Work to complete:
Your job is to give again, exactly and with no additions, the lines in the records below from the one with "Skin Caviar Concealer" through the one with "Mozzarella cheese with", both included. Omit the pictures.

Exercise data:
_ _ _ _ _
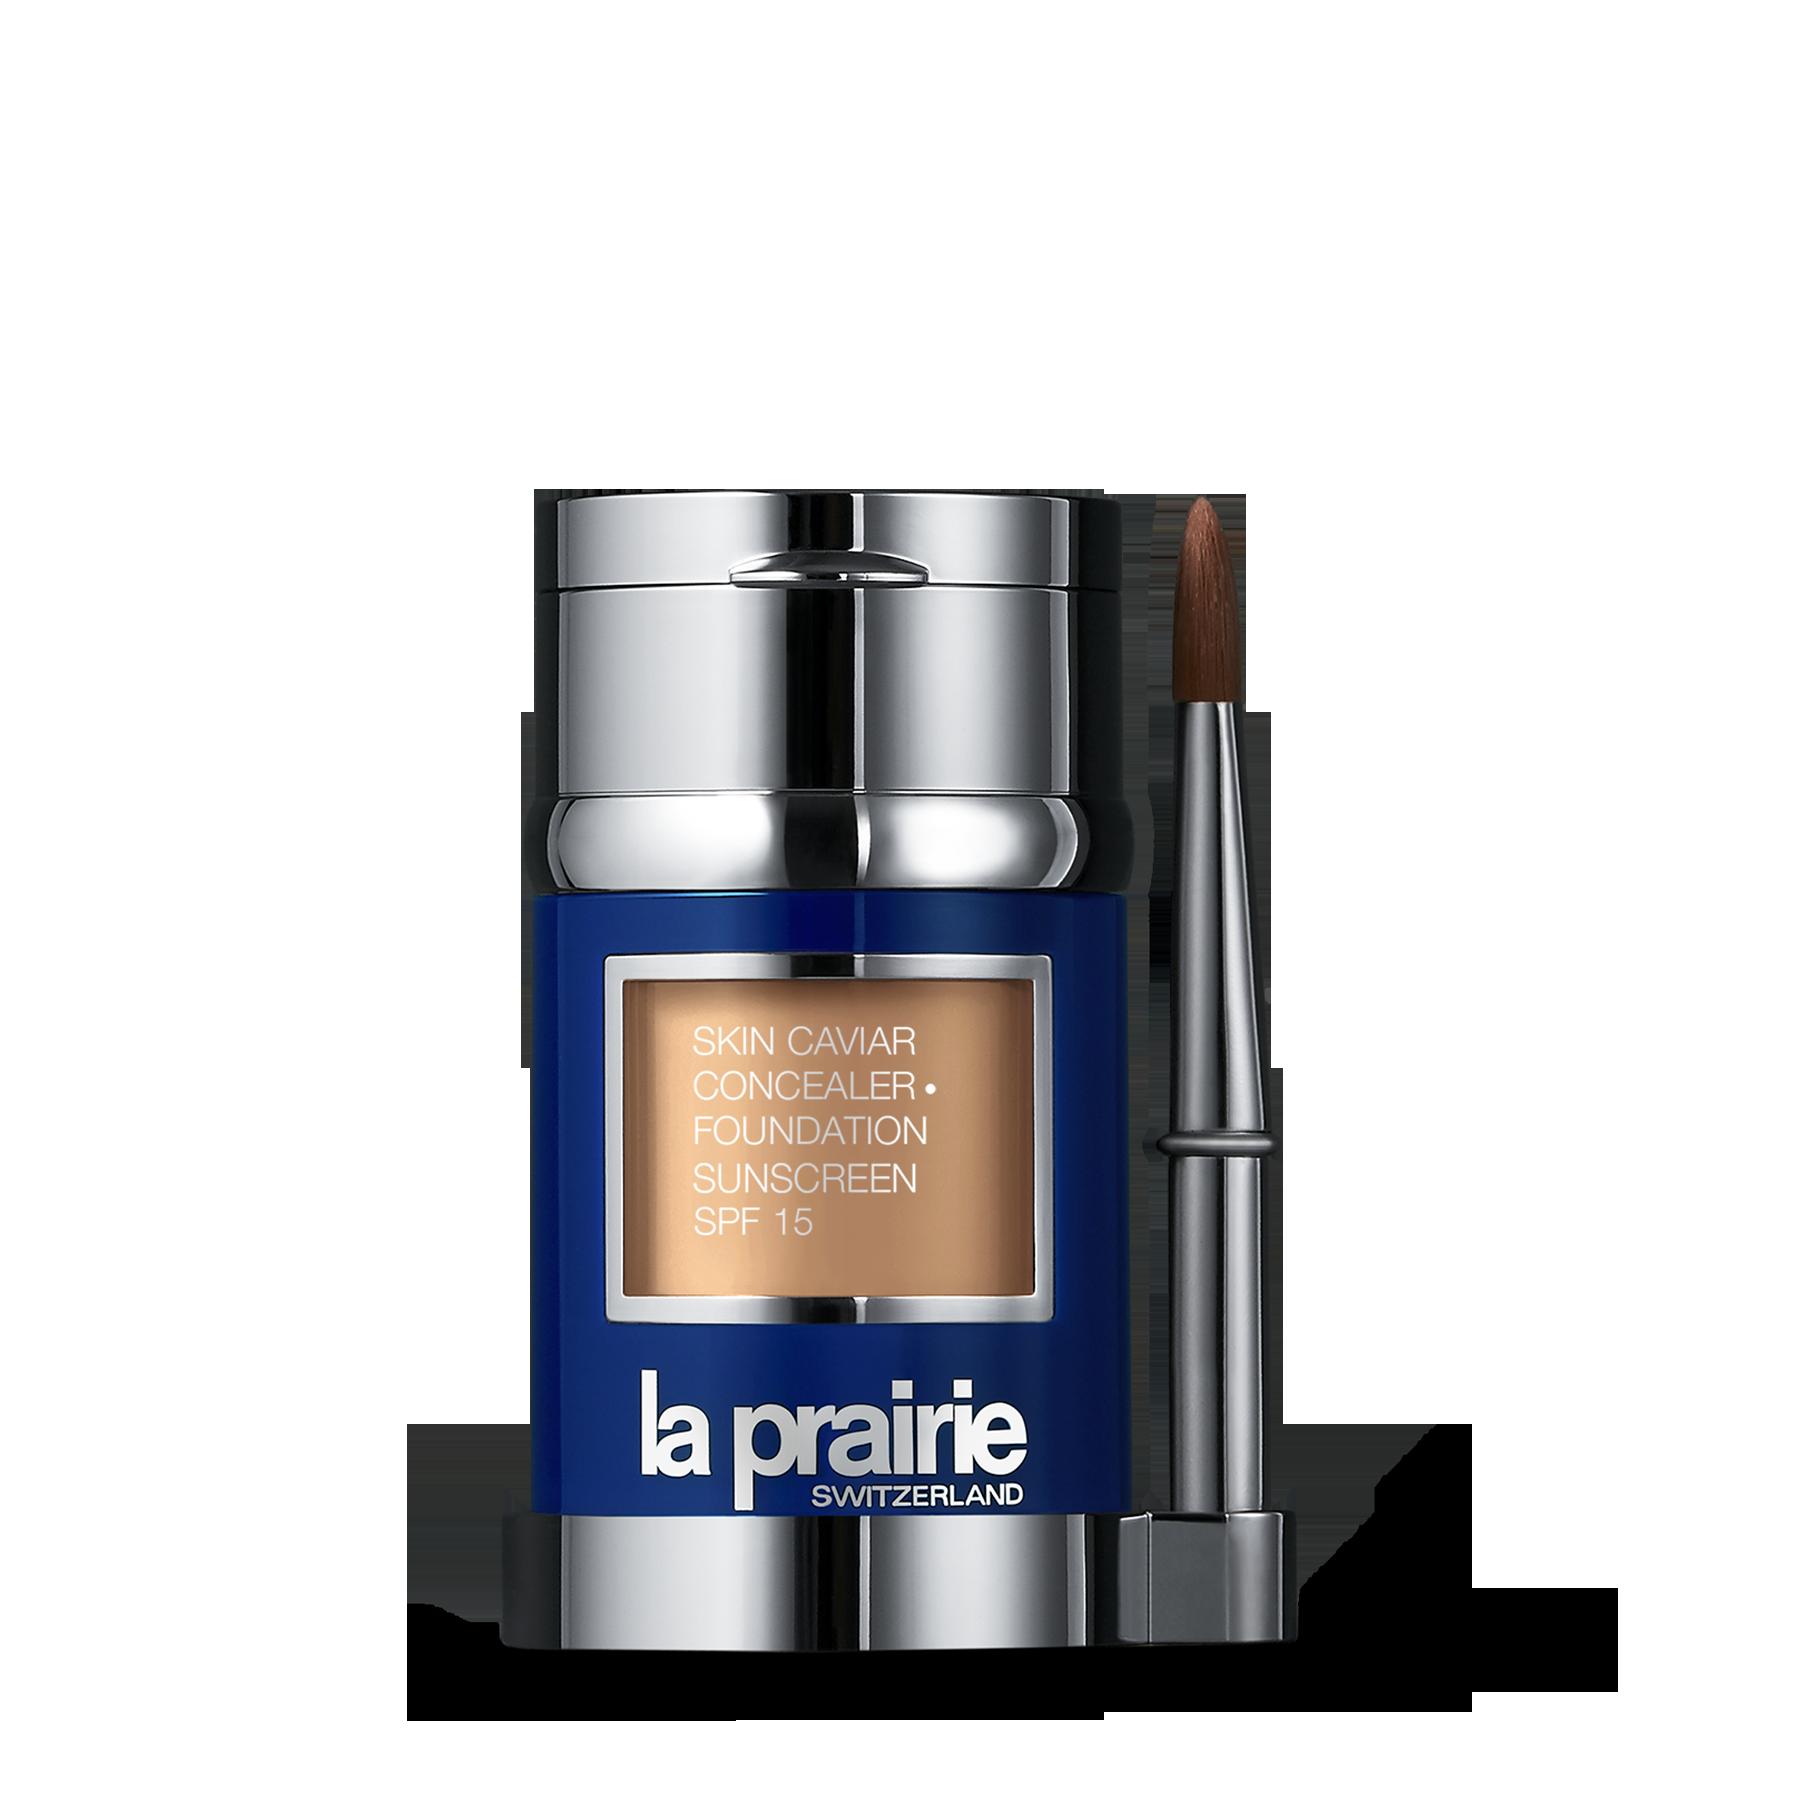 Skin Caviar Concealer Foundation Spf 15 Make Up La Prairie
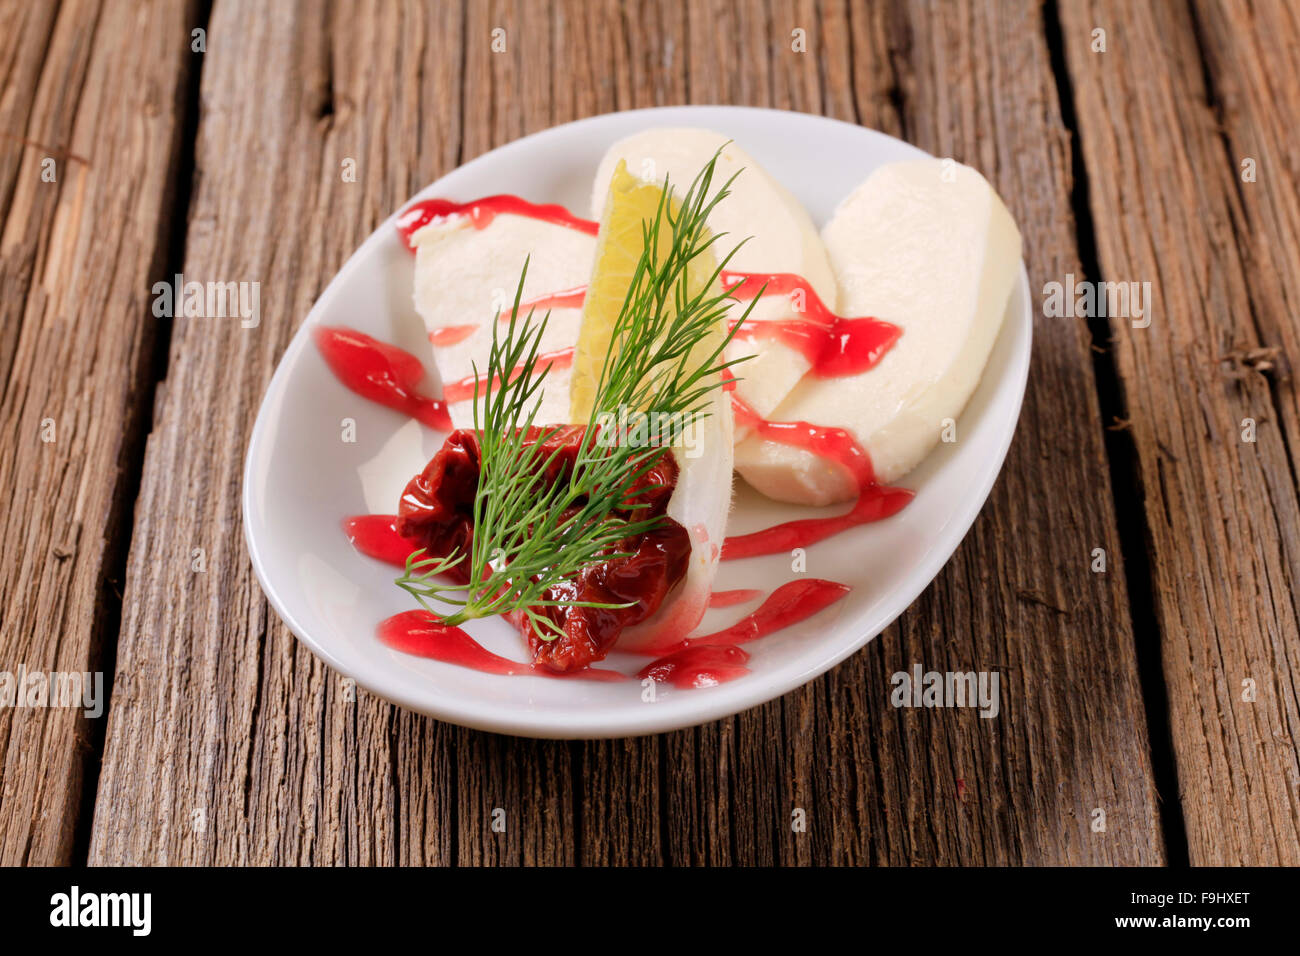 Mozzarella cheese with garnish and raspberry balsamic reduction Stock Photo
_ _ _ _ _
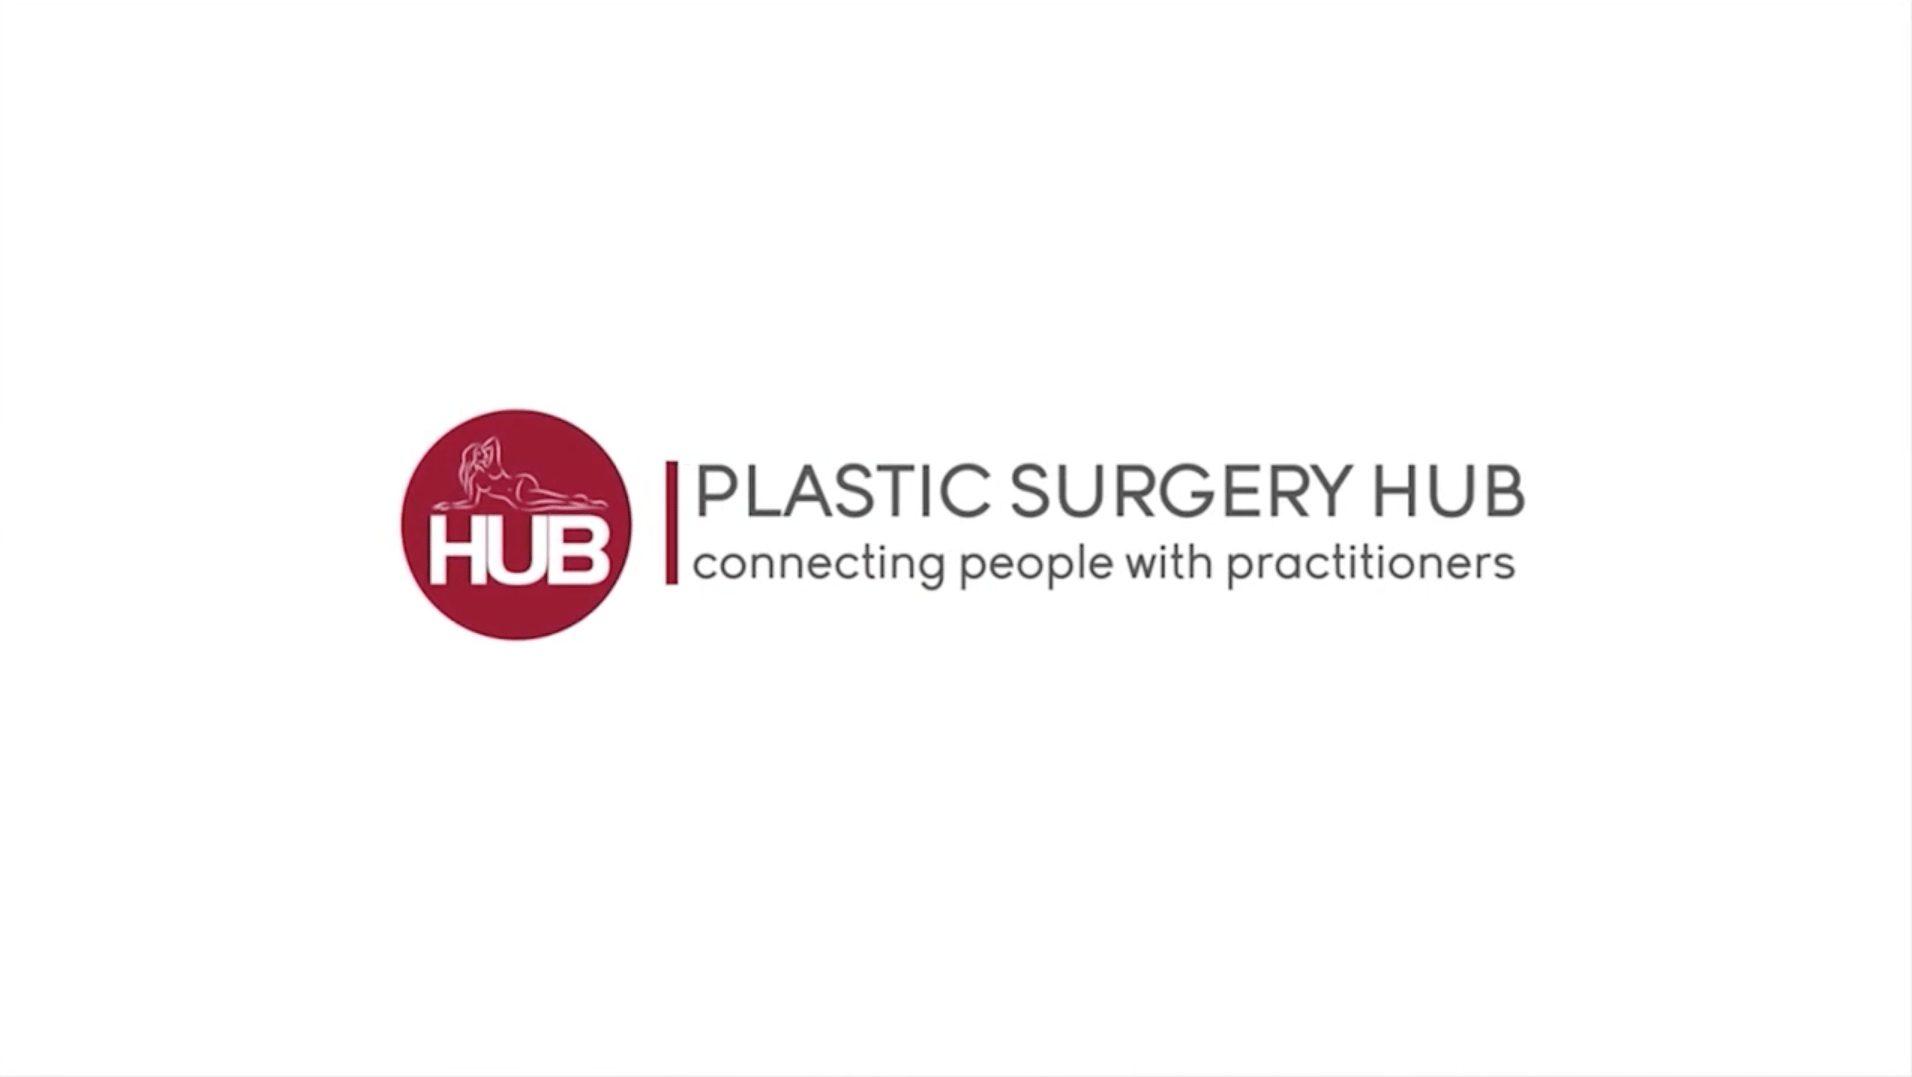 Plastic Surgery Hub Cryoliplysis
_ _ _ _ _
Completed task:
 Skin Caviar Concealer Foundation Spf 15 Make Up La Prairie
 Mozzarella cheese with garnish and raspberry balsamic reduction Stock Photo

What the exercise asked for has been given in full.